* _Task brief_
What should come back is the data below, word for word, minus any picture.

* _Given information_
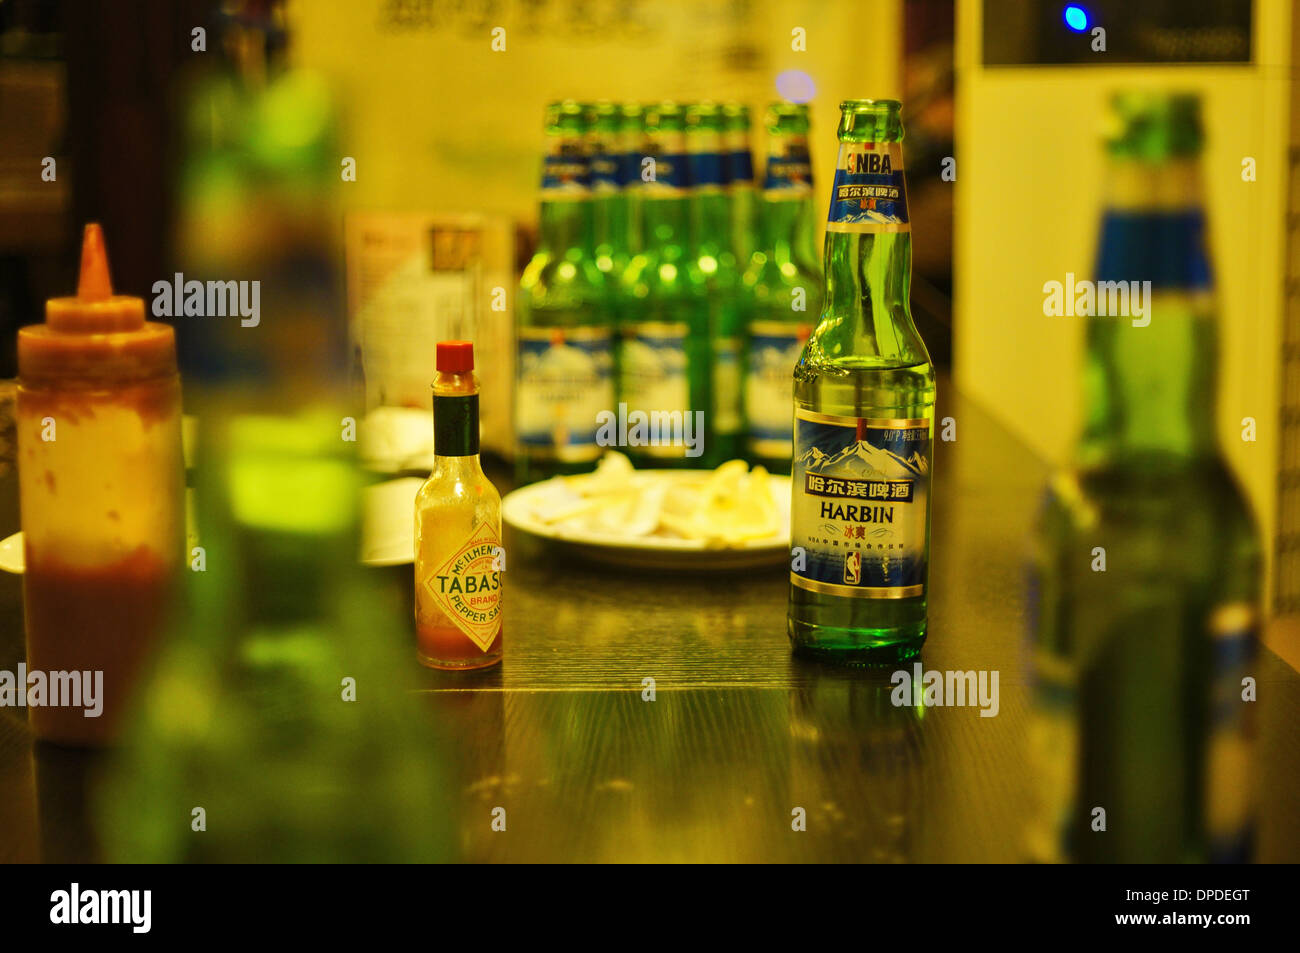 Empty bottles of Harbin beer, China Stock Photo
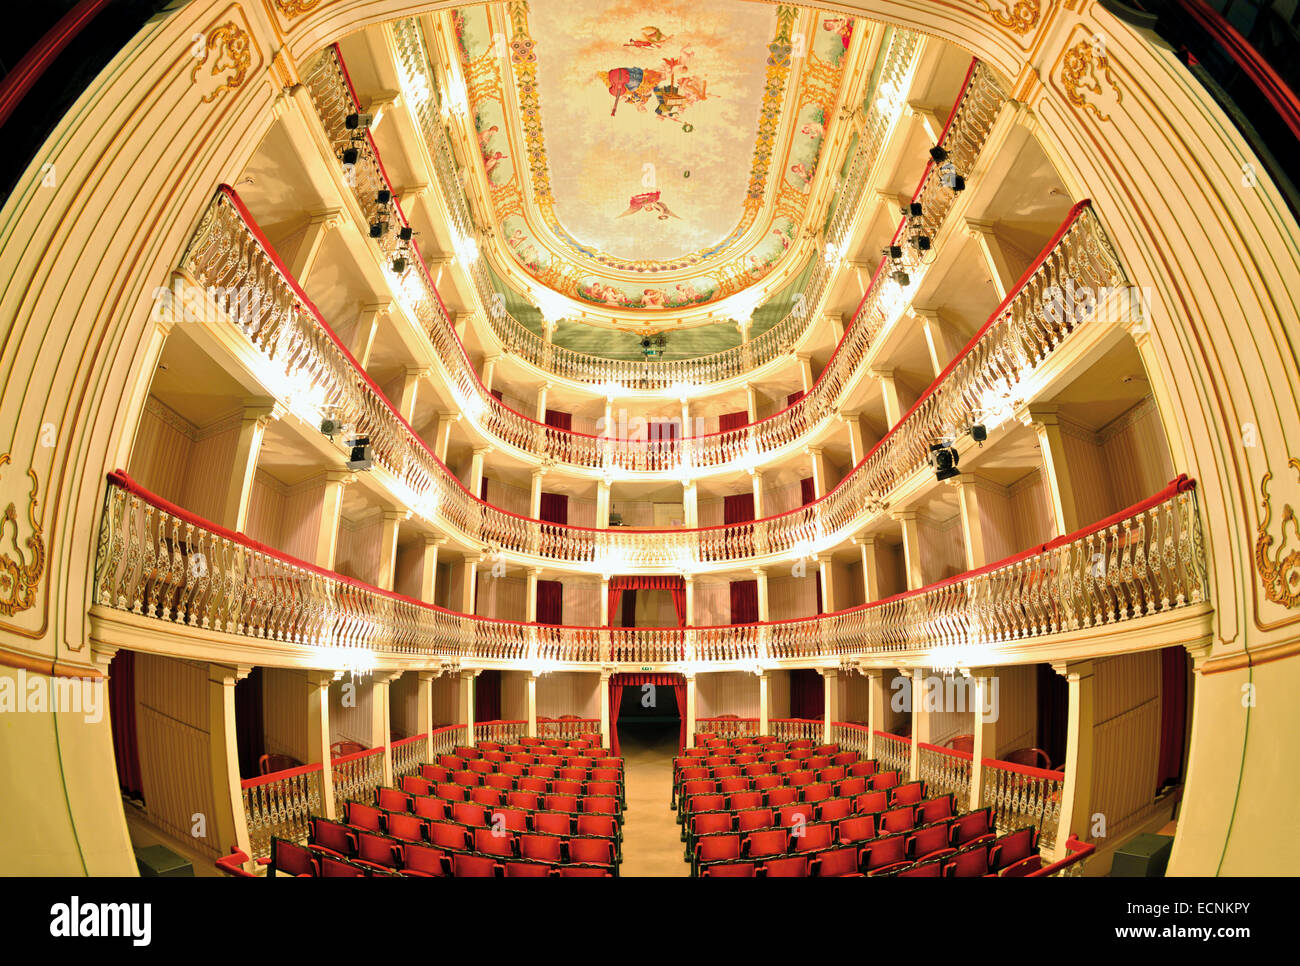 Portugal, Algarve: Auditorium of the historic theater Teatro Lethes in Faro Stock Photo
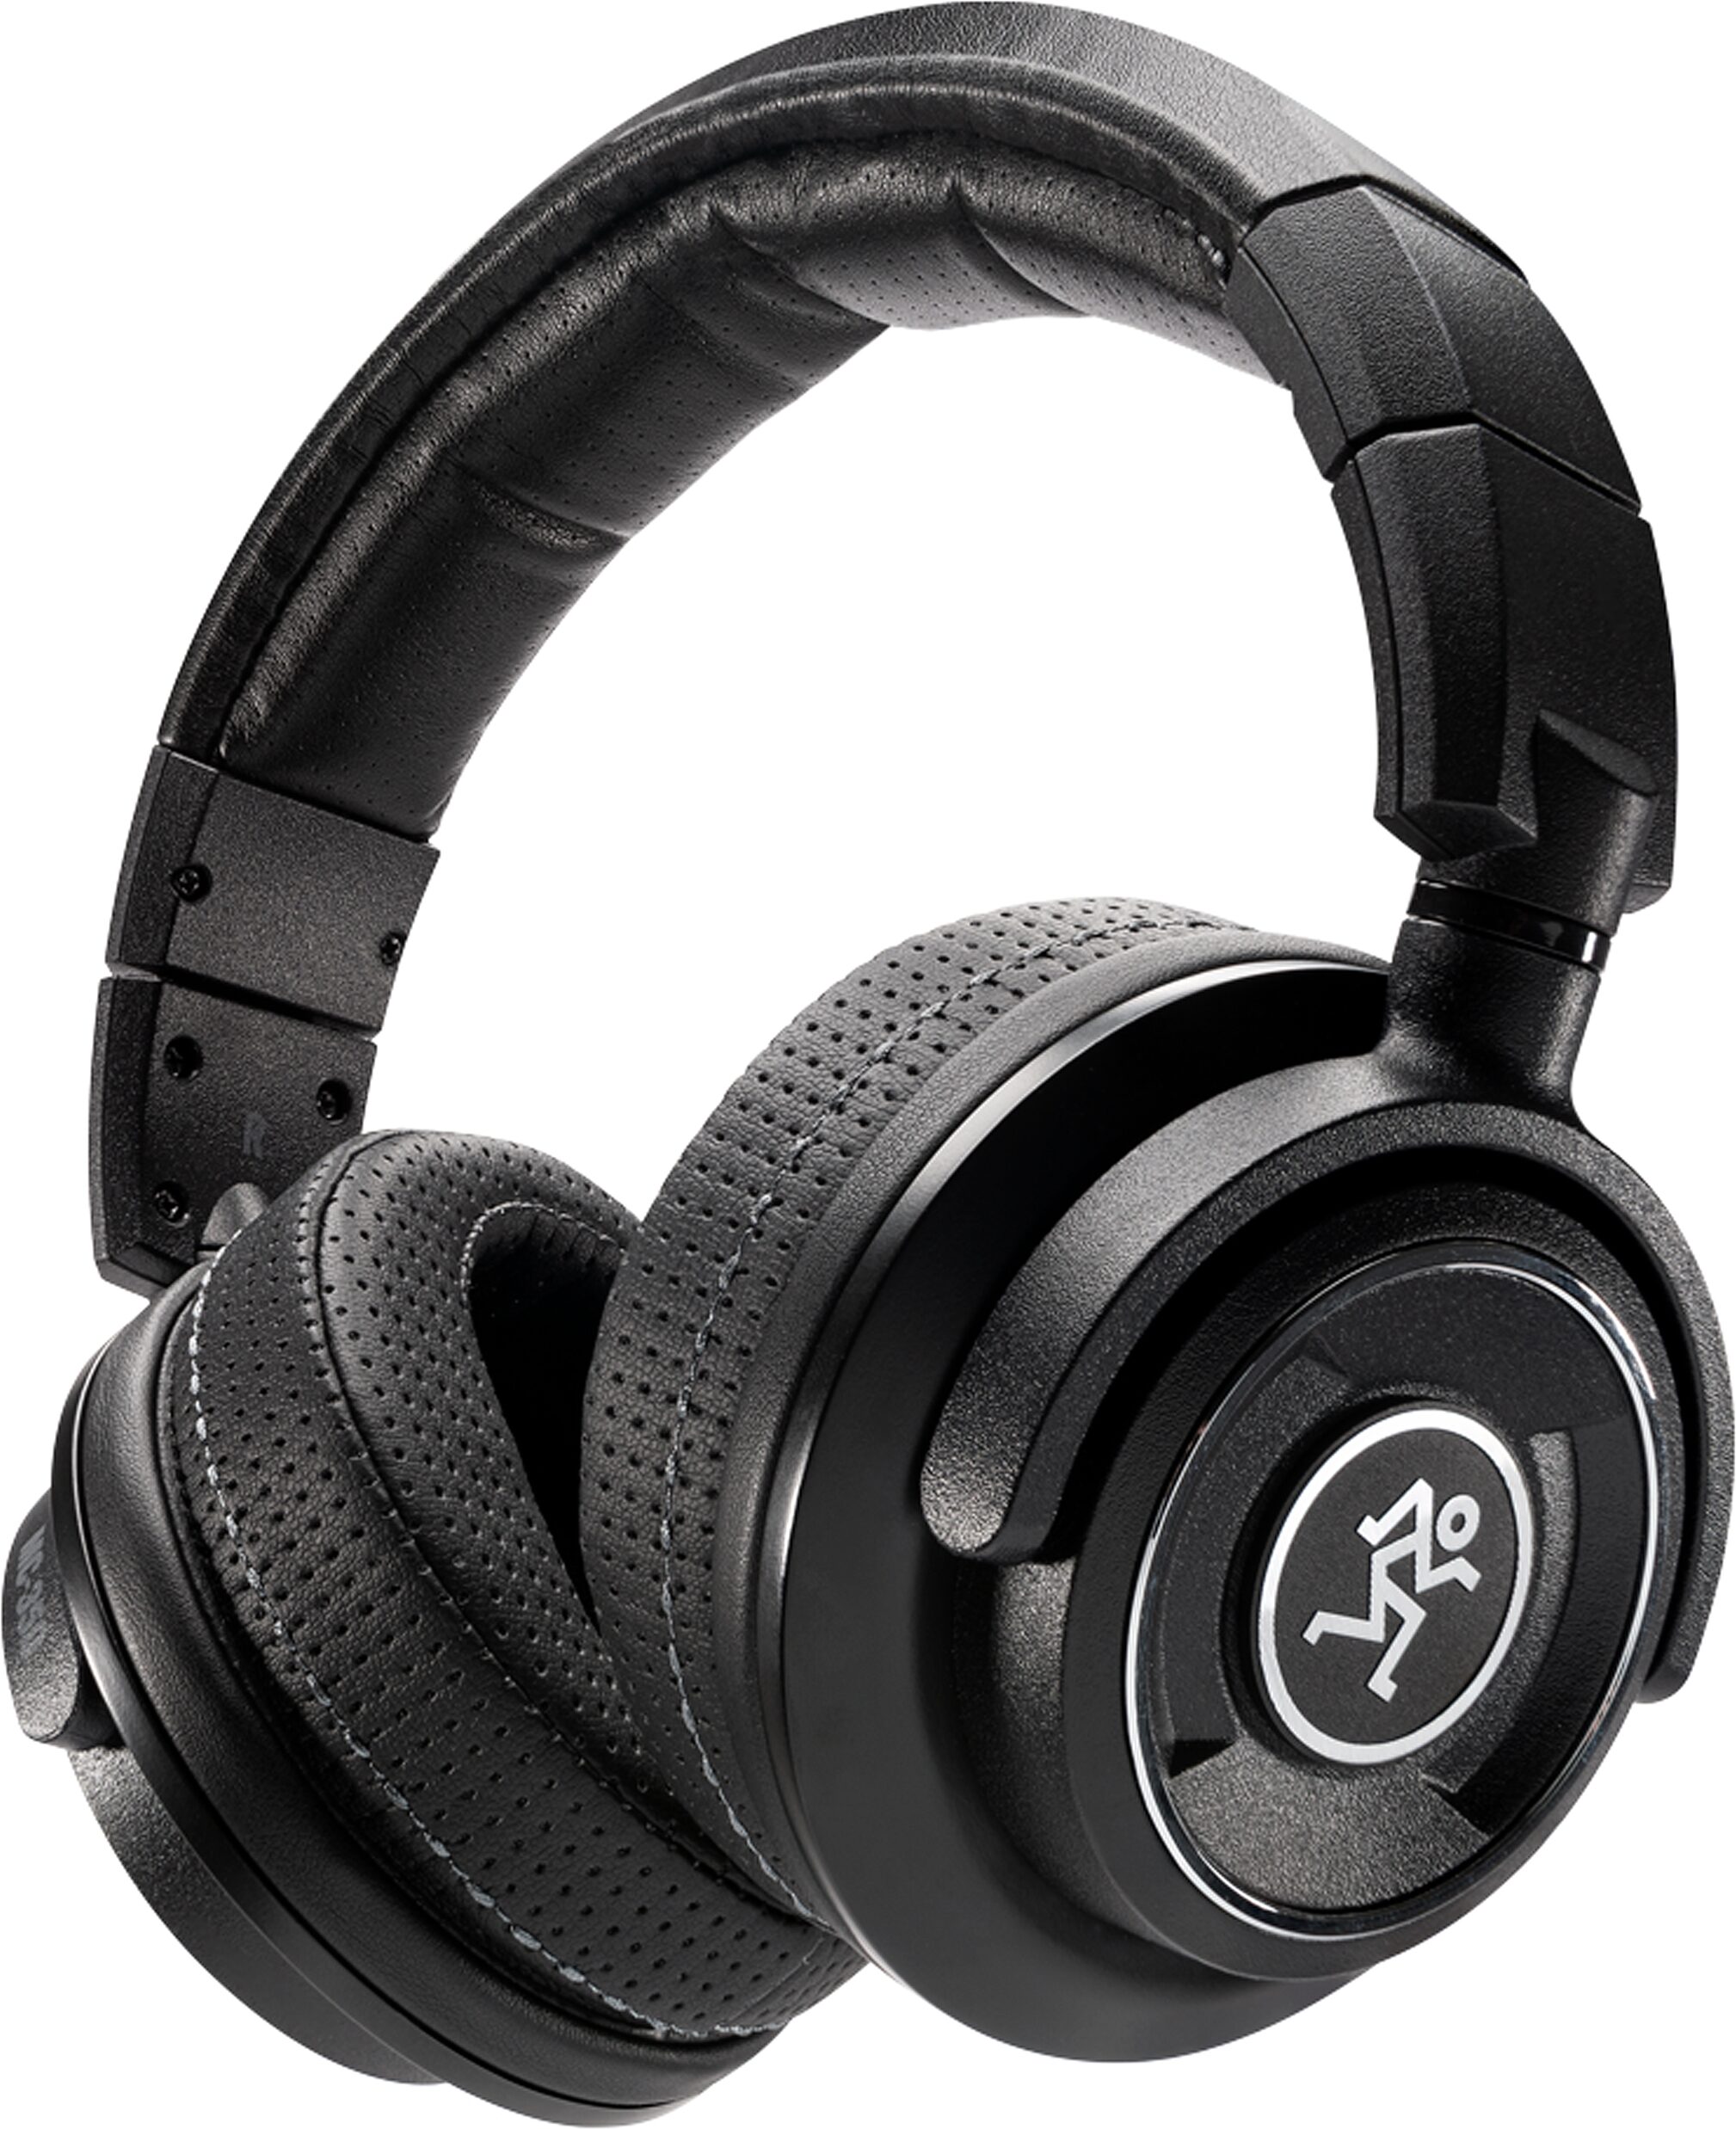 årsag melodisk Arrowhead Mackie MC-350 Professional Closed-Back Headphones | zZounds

* _Output of the task_
 Empty bottles of Harbin beer, China Stock Photo
 Portugal, Algarve: Auditorium of the historic theater Teatro Lethes in Faro Stock Photo
 årsag melodisk Arrowhead Mackie MC-350 Professional Closed-Back Headphones | zZounds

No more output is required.